All of their overseas exports now carry vegan certification, and they can provide the world’s first vegan-certified Japanese sake worldwide.
Habutae-Tofu (Veggie Tofu-Nuggets)
Habutae Tofu has developed a relationship of trust with customers since its establishment in 1923 as a soy food manufacturer by providing delicious and healthy products. Their vision is to spread their traditional but also innovative tofu products so as to make people in the world healthier. Veggie tofu nuggets is a processed food made of tofu that is totally meat free, non-GMO and gluten-free. We will be serving it with a unique avocado and tomato sauce.
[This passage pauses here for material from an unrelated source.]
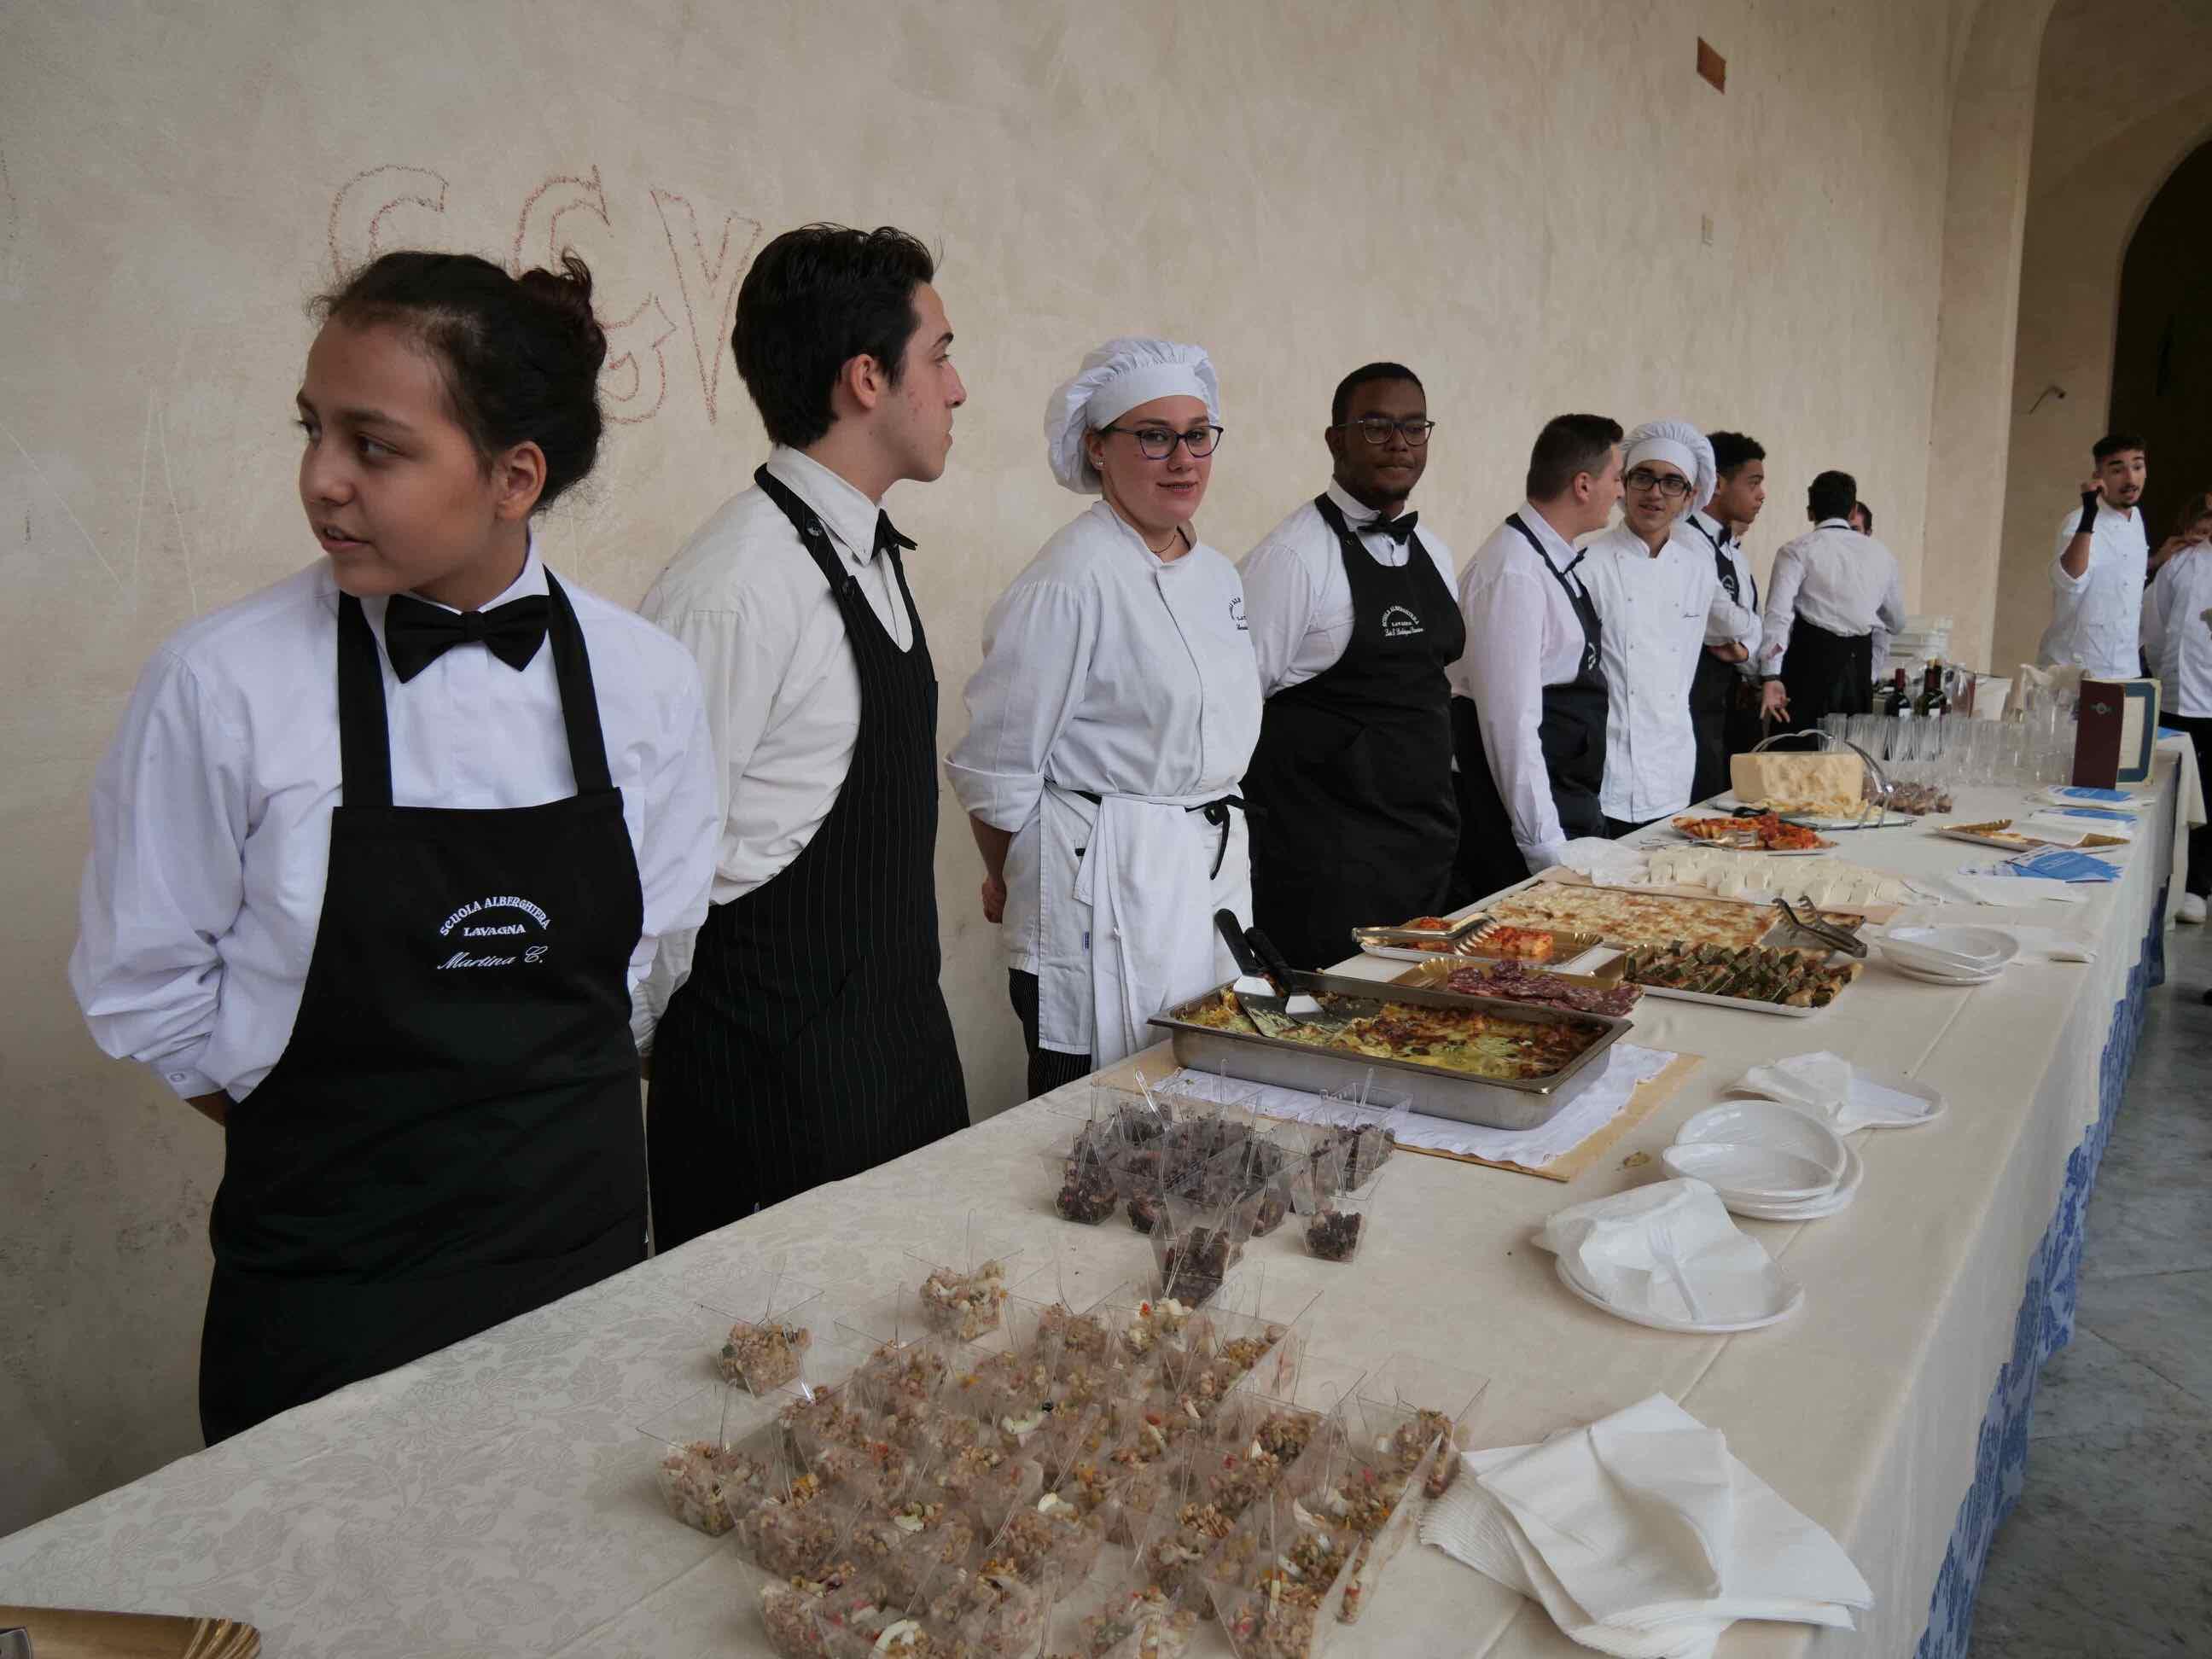 Torneo di pesto al mortaio e aperitivo di beneficienza a cura della Scuola Alberghiera di Lavagna - 10

Maruyama Food (Japanese Plum)
Umeboshi plums have been a staple in Japanese cuisine for centuries. When it comes to nutrition, umeboshi contains a good chunk of the potassium, manganese and fiber you need in a day. Plus, it’s low in calories, giving you the most nutrition and bang for your buck. Besides boasting a pretty impressive nutrient profile and distinct flavor, this pickled plum has also been shown to have many beneficial effects on health. Studies show that it can reduce liver damage and support digestion. If you are looking to optimize your diet, improve your health, abd squeeze in as many nutrients into your day as possible, umeboshi may be the perfect dietary addition.